Beim bildungspolitischen Empfang des Bayerischen Realschullehrerverbandes (brlv) stand der Austausch über die Zukunft der Realschulen im Mittelpunkt. Zahlreiche Vertreterinnen und Vertreter aus Bildung, Politik und Verbänden nutzten die Veranstaltung, um aktuelle Herausforderungen und Perspektiven für das bayerische Bildungssystem zu diskutieren.
Auch der Landtagsabgeordnete Peter Tomaschko nahm an der Veranstaltung teil und führte dabei Gespräche mit zahlreichen Akteuren aus dem Bildungsbereich. Unter anderem tauschte er sich mit dem Bildungsstaatssekretär des Landes Sachsen-Anhalt, Jürgen Böhm, sowie dem Vorsitzenden des brlv, Ulrich Babl, aus.
Für Tomaschko ist die Realschule ein unverzichtbarer Bestandteil der bayerischen Bildungslandschaft. Sie verbinde theoretisches Wissen mit lebensnaher Praxis und eröffne jungen Menschen vielfältige Bildungs- und Berufswege.
„Die Realschule ist ein wichtiger Eckpfeiler unseres Bildungssystems. Sie vermittelt nicht nur fundiertes Wissen, sondern bereitet junge Menschen auch gezielt auf ihre berufliche Zukunft oder eine schulische Weiterqualifizierung vor. Der Realschulabschluss bleibt ein starkes Qualitätssiegel mit hervorragenden Perspektiven“, betonte Tomaschko.

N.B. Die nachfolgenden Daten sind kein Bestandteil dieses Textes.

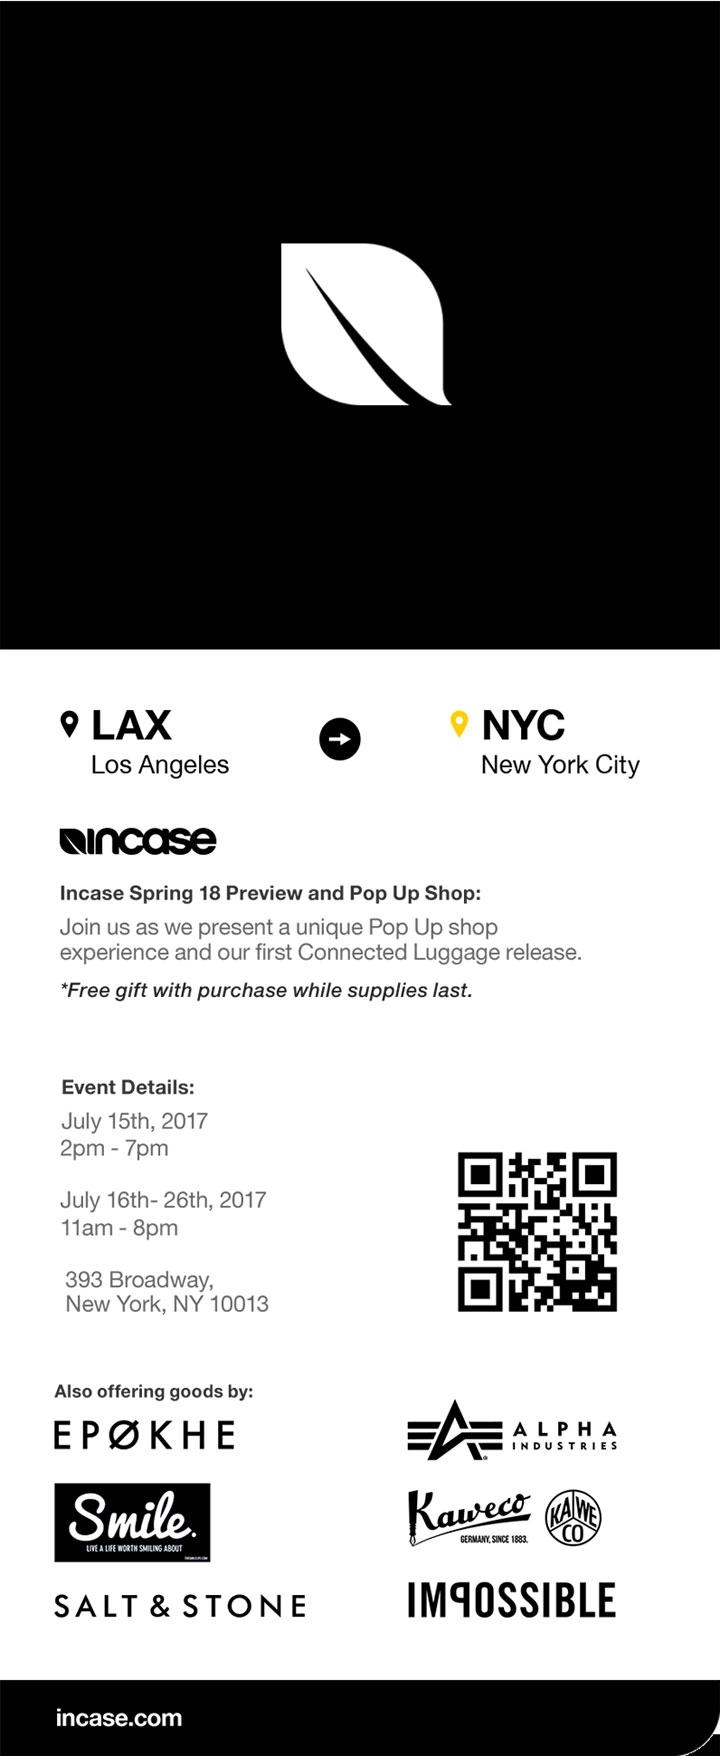 Incase NYC Pop Up Shop
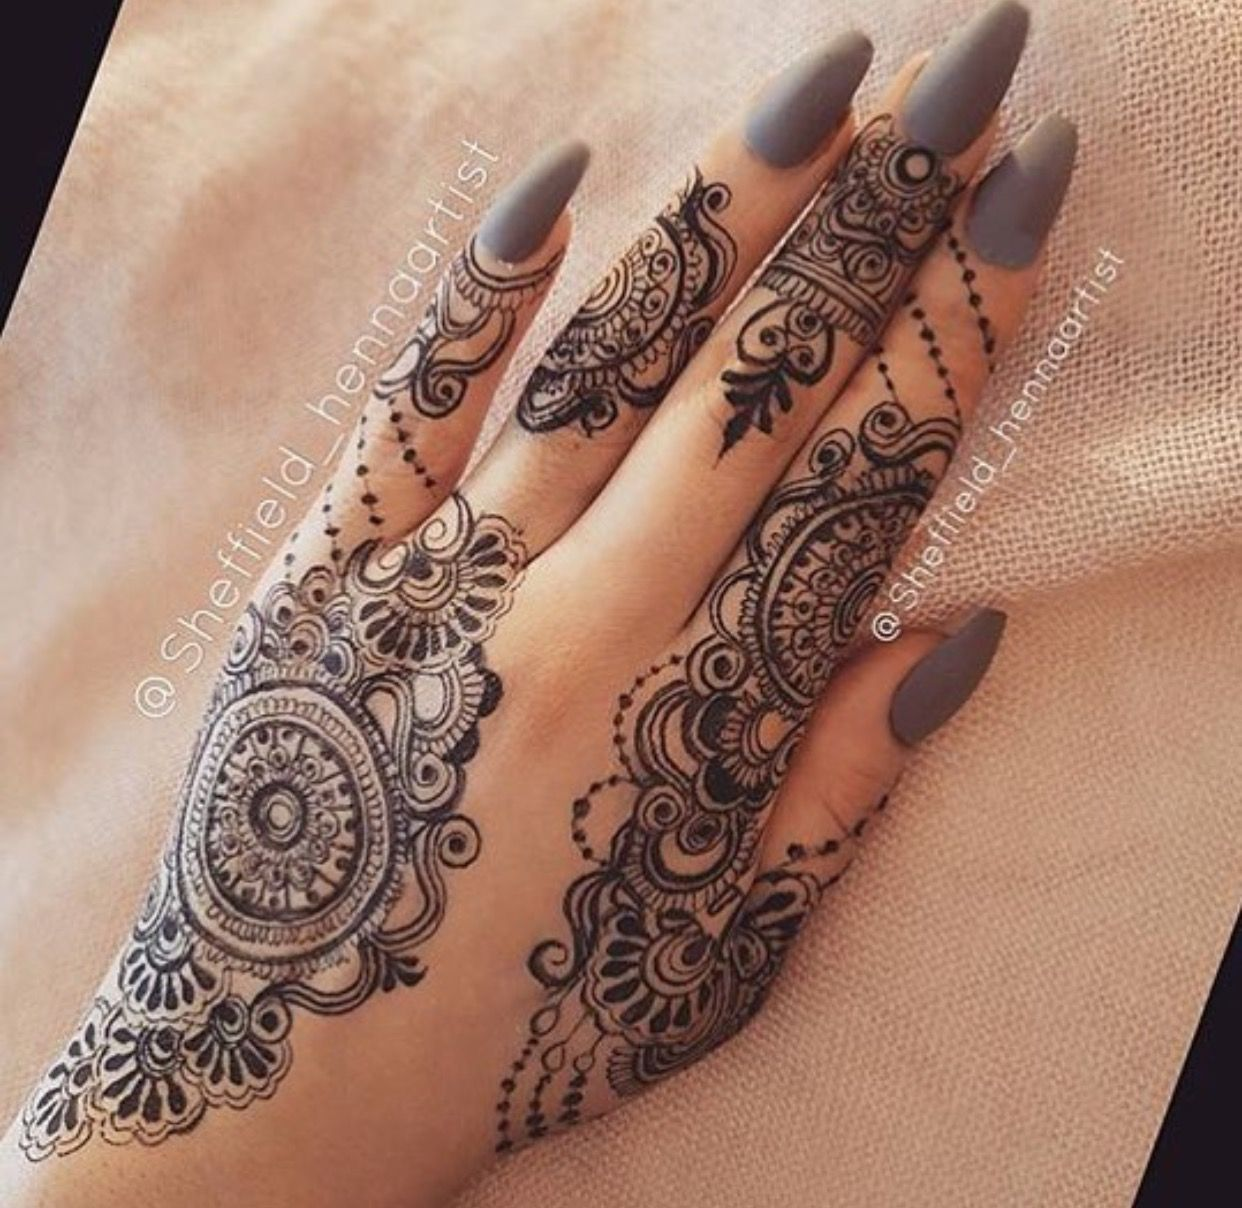 Pinterest Mountain Henna Tattoo Pics: Finger Henna, Henna Designs Hand

Besonders wichtig sei ihm zudem eine spürbare Entlastung der Lehrkräfte. „Mehr Unterricht und weniger Verwaltung muss unser gemeinsames Ziel sein. Jede Stunde, die wir von Bürokratie abbauen können, kommt unmittelbar den Schülerinnen und Schülern zugute. Unsere Lehrkräfte sollen möglichst viel Zeit für guten Unterricht und die individuelle Förderung junger Menschen haben“, so Tomaschko.
Der Abgeordnete zeigte sich erfreut über die zahlreichen Gespräche und Impulse der Veranstaltung und bekräftigte, sich auch weiterhin für starke Realschulen und gute Rahmenbedingungen für Lehrkräfte einzusetzen.